Constructing perovskite/alkaline-earth metal composite heterostructure by infiltration to revitalize CO₂ electrolysis

Solid oxide electrolysis cell (SOEC) can efficiently convert CO₂ to CO using renewable energy sources, which can alleviate the threatening impact of excessive CO₂ emissions on the human life and environment. Moreover, it also realizes chemical storage of available electricity to ease the energy consumption crisis. Designing cathode materials with abundant active sites and high-efficiency electrochemical catalytic activity toward CO₂ reduction is crucial for realizing practical applications of SOEC. Herein, construction of a composite heterostructure of alkaline-earth metal compounds and Sr₂Fe_1.5Mo_0.5O_6−δ (SFM) double perovskite oxides by alkaline-earth metal infiltration was proposed. This strategy enriched the reactive sites and led to the expansion of the triple-phase boundary, thereby effectively improving the electrochemical performance of SOEC. The experimental results show that the infiltration of alkaline-earth metal led to significant increase in the surface active sites, improvement in the adsorption and activation process of CO₂, and promotion of the formation of activated carbonate intermediates.
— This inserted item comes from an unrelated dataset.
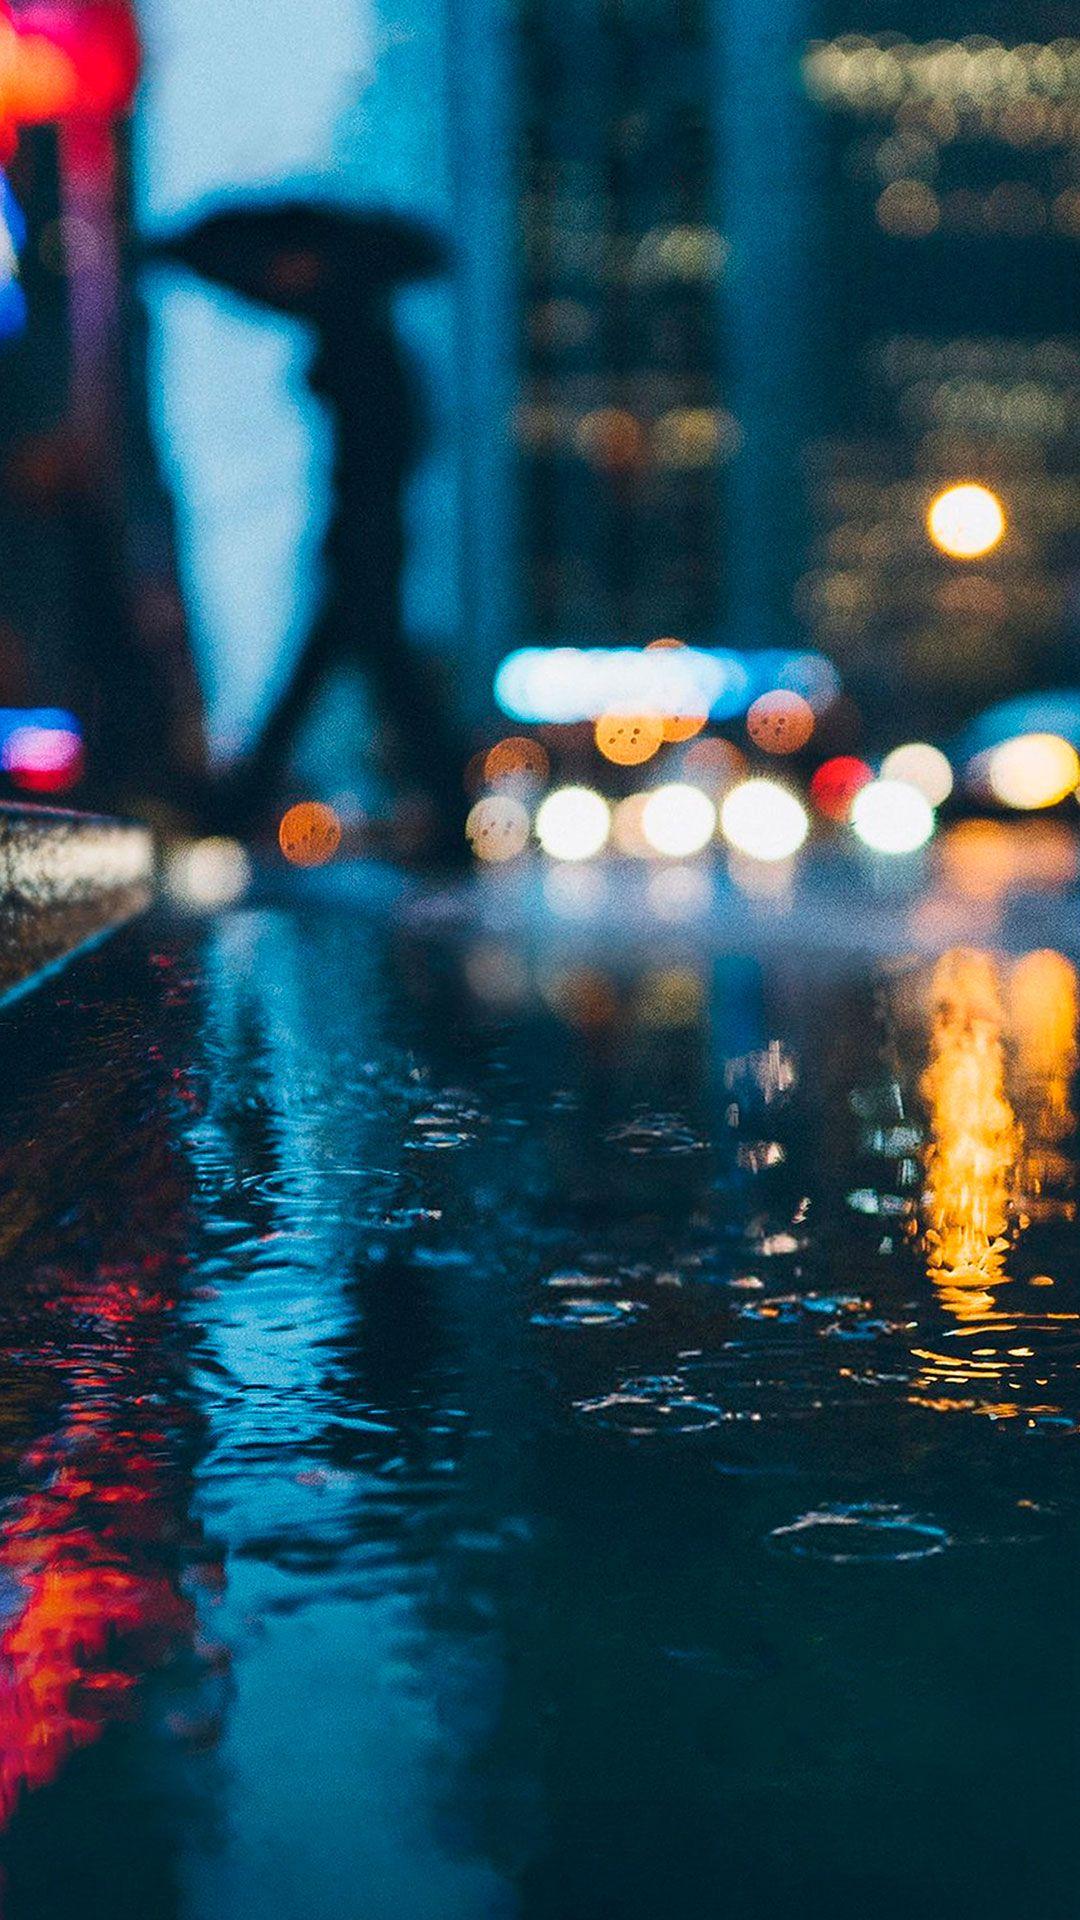 Rain Iphone Wallpaper

The current density on the CaCO₃-infiltrated SFM cathode reached 1.723 A cm⁻², while the current density on the SFM cathode could only reach 1.117 A cm⁻² at 1.8 V and 800 °C. The alkaline-earth metal infiltration strategy not only improves the electrochemical performance, but also maintains excellent stability after 100 h of operation at high temperature and 12 redox cycles. All these results indicate that the construction of heterostructure through alkaline-earth metal infiltration provides an effectual strategy for improving the electrochemical performance of SOEC.